On top of taking their own daily nasal swabs, volunteers will answer questionnaires in an eDiary app, provide blood samples and provide saliva twice a week.
They’ll also be asked to identify “close contacts,” who will help researchers determine if the vaccine given to participants prevents transmission of SARS-CoV-2 to others.
Additionally, Ory said students will need to be available to go to three in-person follow-up appointments on campus over the course of the study.
If Texas A&M is able to recruit its target 1,500 participants, that will make up a little more than 10 percent of the entire national study population. Fischer said this representation will be important, with Texas consistently representing about 10 percent of infections and fatalities in the United States.
image of a woman’s face in kiosk screen
Co-principal investigator Joy Alonzo demonstrates how study participants will use the kiosks.
Billy Smith II/Texas A&M Division of Marketing & Communications
Technology Innovations
The university is also unique in that it’s applying new technology and equipment toward the study.
Co-principal investigator Joy Alonzo, clinical assistant professor at the Texas A&M Irma Lerma Rangel College of Pharmacy, calls it a unique Aggie innovation. In partnership with the Texas A&M Health Science Center, the Texas A&M Engineering Experiment Station and Austin-based company Clairvoyant Networks, a kiosk with a specialized camera was created to detect temperature, the amount of oxygen in a person’s blood and their heart rate. The camera can also take a photo inside the person’s conjunctiva.

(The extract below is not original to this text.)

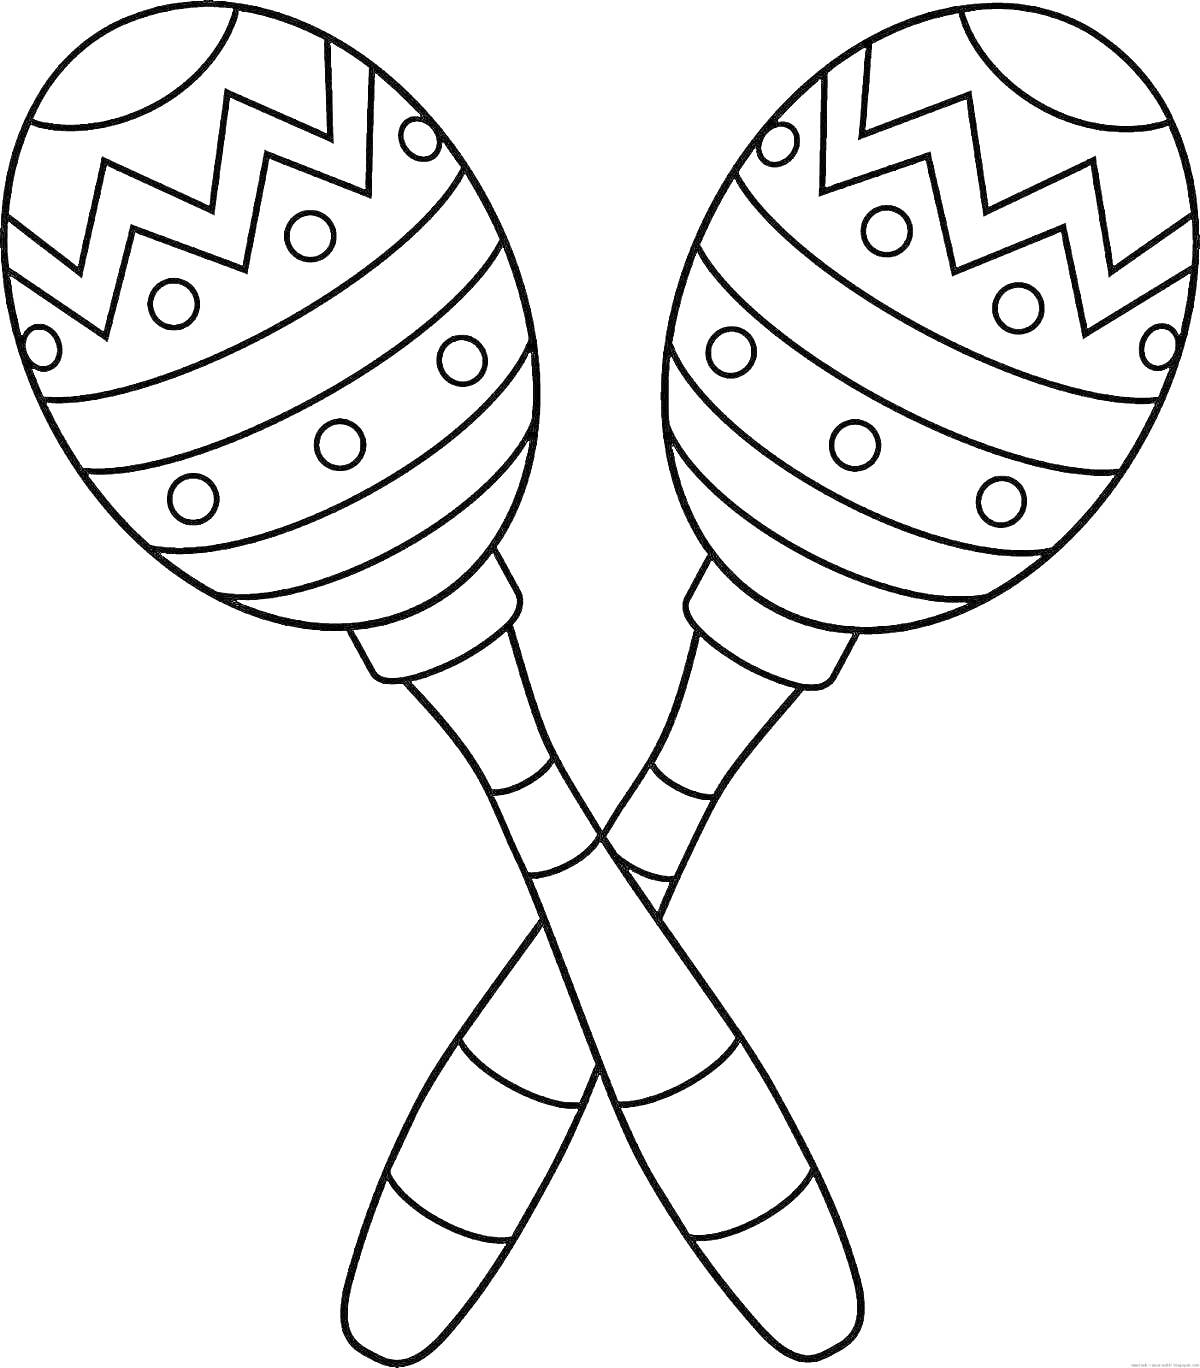 Две раскрашенные ложки-маракасы с узорами (зигзаги и точки)

“We have a theory about people who have asymptomatic positives having some clinical markers, like a slightly elevated heart rate or a slightly decreased oxygen saturation,” “Alonzo said. “Or they might experience what’s called allergic conjunctivitis, like pink eye.”
Using a phone application called COVID Key developed by Alonzo and other A&M investigators, the kiosk’s scanning camera will identify students through a QR code. It will them walk them through the process of taking their heart rate and oxygen saturation and capturing a photo of their eye. Alonzo said information is stored in a HIPPA-compliant cloud database, along with other clinical data.
“There’s no other site in this national study that is asking these particular questions,” Fischer said. “Can we identify asymptomatic infection earlier, simply by having somebody walk up to the kiosk, taking a picture of their eye and measuring their oxygen saturation?”
Instead of researchers asking students questions, Alonzo said clinical markers will be collected from the field: “So it’s kind of a new technology. That’s a huge innovation.”
The team is partnering with Texas A&M virologists at the Global Health Research Complex lab (GHRC) to learn about how different SARS-CoV-2 variants could be implicated in breakthrough infections, which is when vaccinated individuals become infected.
Another component of the study is a youth advisory board, which will include the outgoing and incoming student body presidents. They’ll liaise with Aggies throughout the process to provide the study team with messages that will be relevant to their peers.
All case managers on the study are student employees – mostly graduate students in the School of Public Health. Fischer said the study team will be leveraging students across all three study sites while offering them practical training.
“That means that when our students are in the study and they’re enrolling and have questions, they’re actually talking to students who are trained and armed with the information,” Fischer said. “It also means that our study team can be a resource and relate to participants for problem solving and navigating the process.”
The study’s results could have implications for students’ return to campus in the fall. Experts will likely be able to answer whether vaccines will allow the campus community to forego face coverings and physical distancing and safely congregate in indoor settings.